The recipe didn’t have nearly enough vegetables in it for my liking, so I added mushrooms and onions. To make the lasagna more to my taste, I used small curd cottage cheese instead of ricotta cheese (my mom’s style) and an Italian Mix of cheese instead of goat cheese (local varieties are not really available this time of year). Instead of tomato paste I used a combination of canned tomatoes and pasta sauce. This was also the first time I’ve ever made lasagna with actual lasagna noodles. Mom always uses rigatoni noodles since they are way easier to deal with. Using lasagna noodles wasn’t as bad as I expected.

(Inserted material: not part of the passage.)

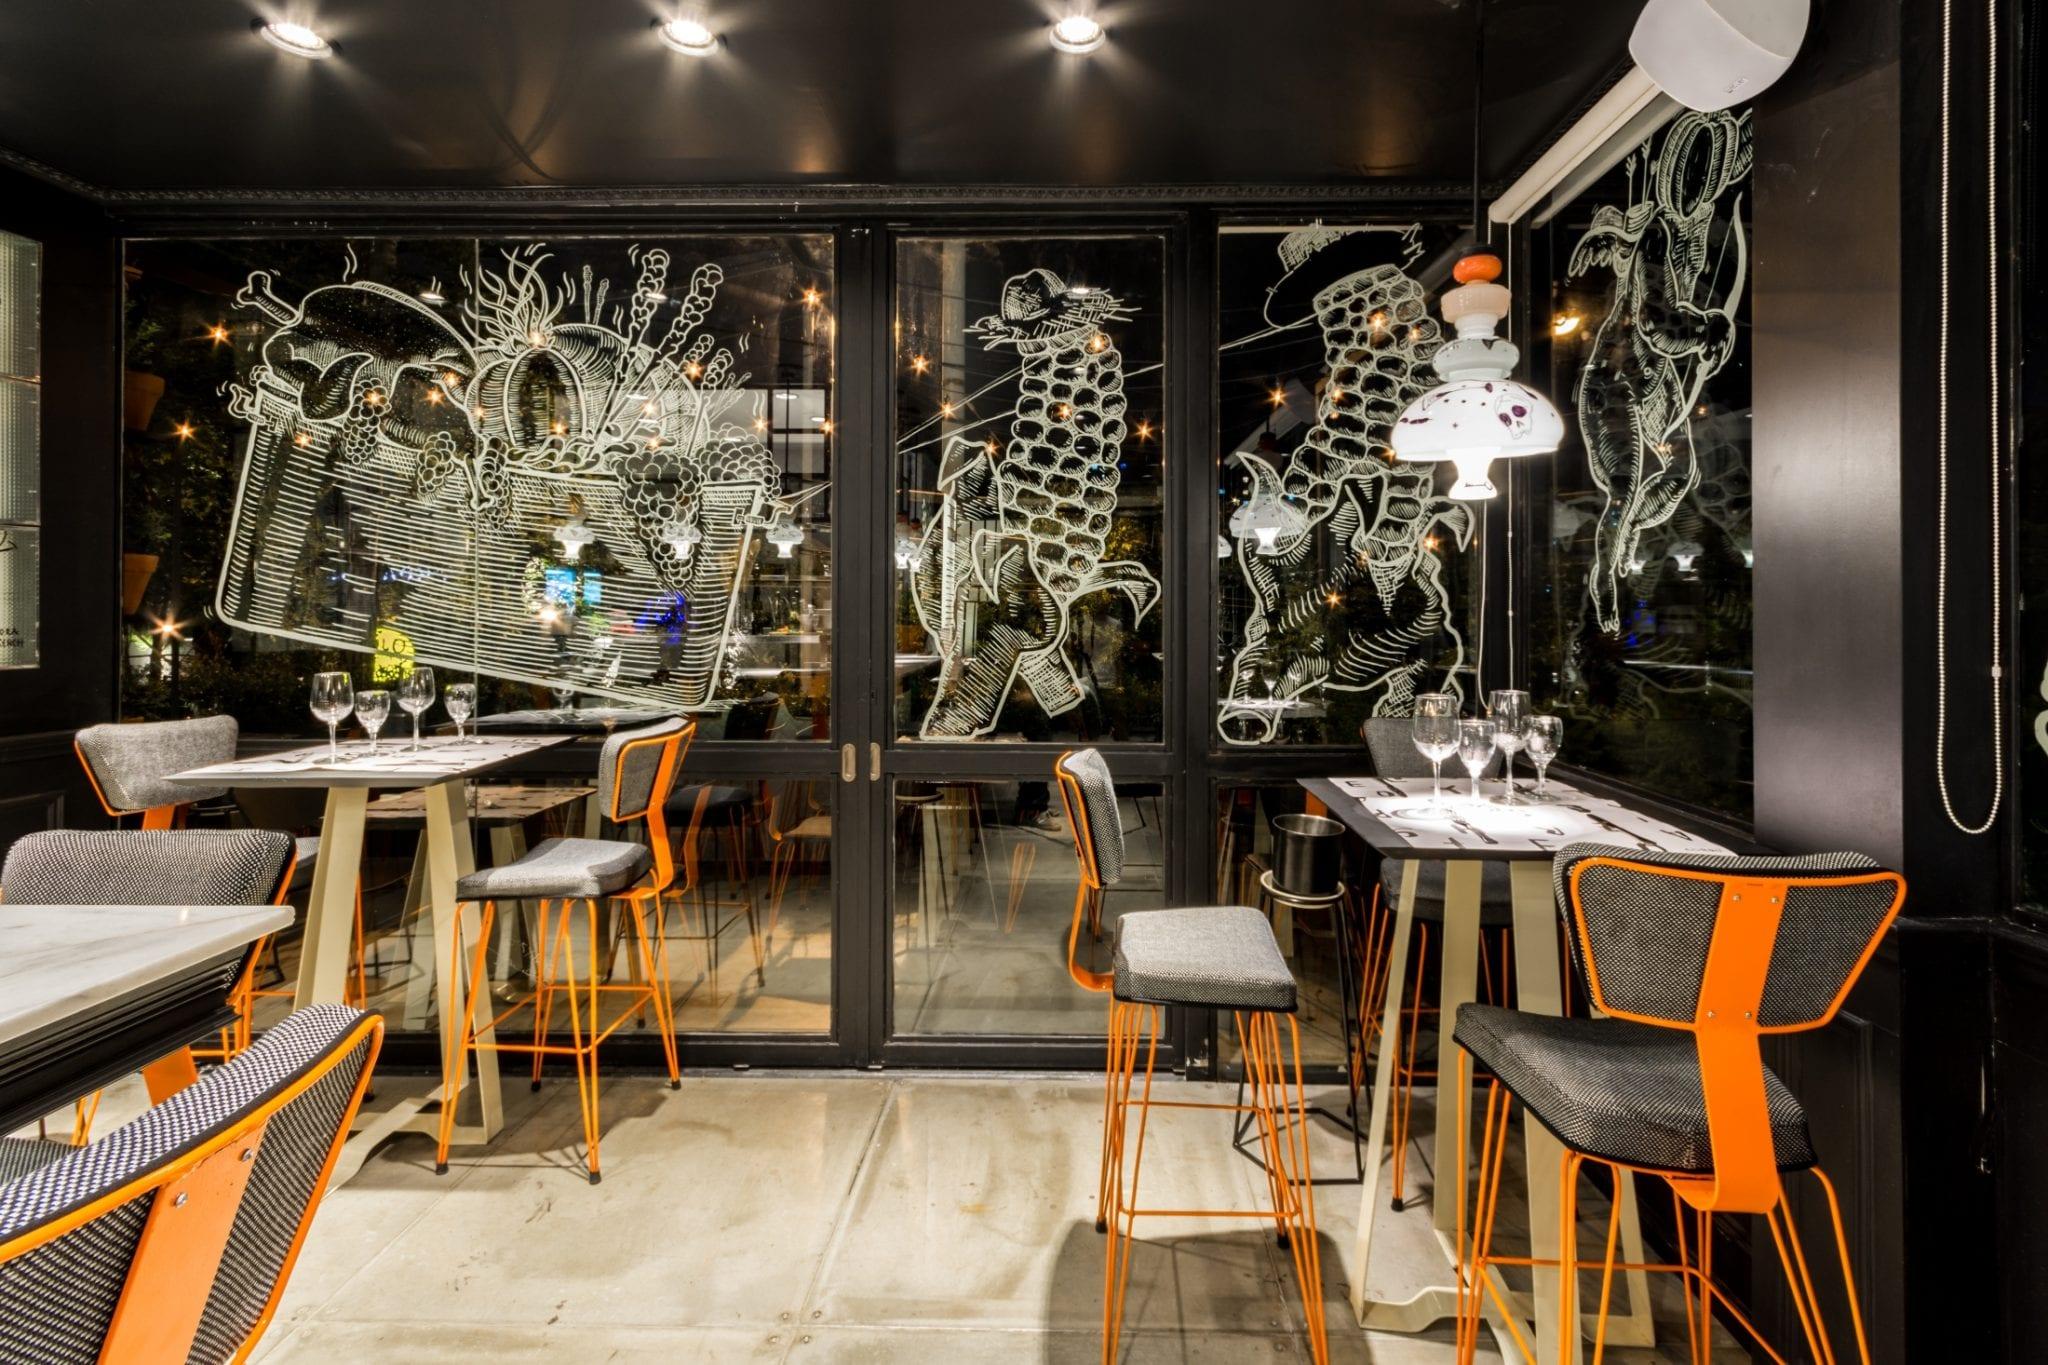 090317  -  Gordo Restoran ph G Viramonte-4465

It went something like this:

  • Clean and chop kale, removing it from the stems
  • Boil it in salted water for two minutes, drain and rinse

  • Saute 3 minced cloves of garlic, a sliced yellow onion, and a double package of sliced mushrooms in a bit of olive oil (I also use the olive oil cooking spray to cut calories)
  • After they are semi-cooked, add a can of tomatoes and continue cooking. Optionally, add red pepper flakes and black pepper. The idea was to cook down the tomatoes so there wasn’t so much liquid but it didn’t work that well. I guess that’s why the original recipe called for tomato paste

  • Next up: Cooking 9 lasagna noodles according to directions
  • Spray a casserole pan, spread a thin layer of spaghetti sauce and then lay down 3 noodles
  • Spread some cottage cheese and shredded cheese. Put down half of the kale and half of the mushroom/onion/tomato mixture. Spread some more spaghetti sauce.
  • Lay down 3 more noodles. Lay down more cheese. Use up the rest of the kale and mushroom/onion/tomato mixture (lesson learned: don’t use all the liquid from that mixture). Spread spaghetti sauce.
  • Lay down the last 3 noodles. spread a thin layer of spaghetti sauce.
  • Cover with foil, bake for 40 minutes at 400 degrees. About 5 minutes from the end, sprinkle more shredded cheese on top if you like.

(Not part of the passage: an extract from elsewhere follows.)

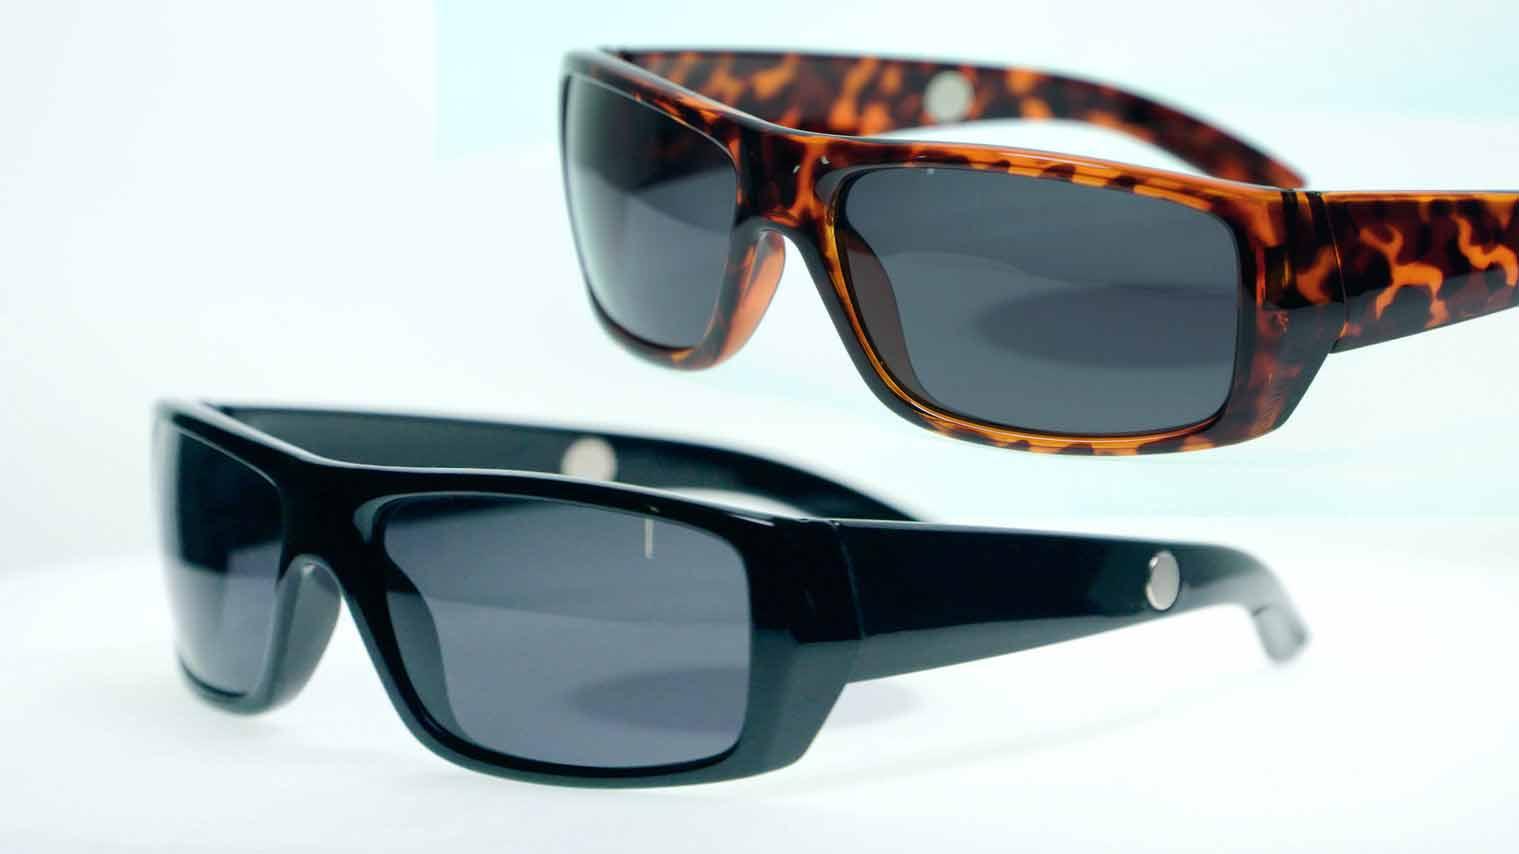 Diamond Vision okulary polaryzacyjne opinie

I’d show you a picture of a slice of lasagna, but it ended up with lots of liquid and kind of went everywhere on the plate. Despite that I think this was the best lasagna I’ve ever made.  The kale has a great texture and all the flavors came together wonderfully. And on top of that, it’s incredibly healthy and low in calories! The recipe quotes 180 per serving but as I’ve adapted it, who knows where it stands.

Homemade Healthy Hummus

Every two weeks or so, I make up a big batch of hummus in my food processor. I started this ritual about a year ago when I decided it was time to save money on groceries. We use hummus on the sandwiches we make for lunch.

I found many recipes online and have settled on making the hummus with plain yogurt instead of olive oil to cut calories and fat.

Ingredients:

  • Dried chickpeas (or other dried beans)
  • Juice from 1/4 to 1/2 of a lemon
  • 2 – 4 garlic cloves
  • Plain yogurt
  • Splash of olive oil
  • Dash of sea salt
  • Herbs: thyme, oregano and parsley are all good choices
  • Flavor of your choice. I’ve made many flavors that are tasty: roasted garlic, sun dried tomato, roasted red pepper, green olive, pepper (using dried peppers), caramelized onion

My method:

1. Soak dried chickpeas in a pot of water overnight (other beans can be used as well)

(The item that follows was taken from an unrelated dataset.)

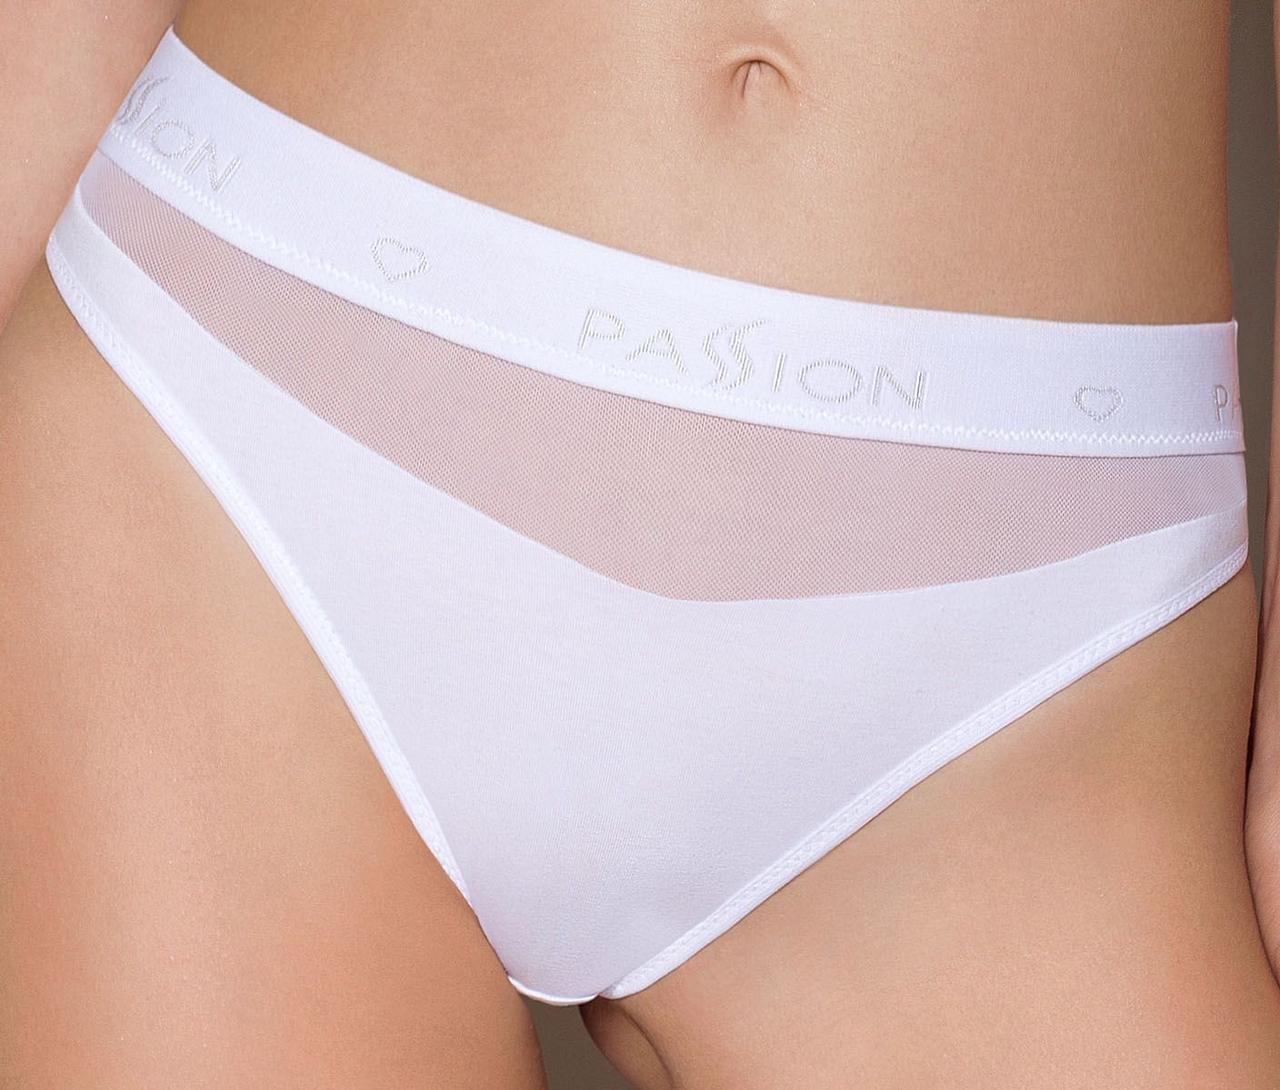 Трусики с прозрачной вставкой Passion PS006 PANTIES white, size L

2. When ready to start, bring the chickpeas to a boil (careful, they boil over if covered for too long). I usually try to boil them at least 20 minutes.

3. While the chickpeas are boiling, get your hummus flavor ready. Today I sauteed 3 garlic cloves, sesame seeds, and red pepper slices from a jar

4. Once your ingredients are done cooking, rinse the chickpeas and put them in the food processor along with your prepared flavor, the lemon juice, a couple spoonfuls of yogurt, a splash of olive oil, a dash of salt, and whatever herbs you’ve decided upon

5. Turn on the food processor for a few minutes. Scrape the sides as needed. Taste test and add more yogurt if it seems too dry. I also added a bit of liquid from the jar of peppers since that was the flavor I decided on. Continue to process, scrape, and add as needed. The longer you run the processor, the smoother your hummus will be.

Enjoy on a sandwich or with chips or veggies!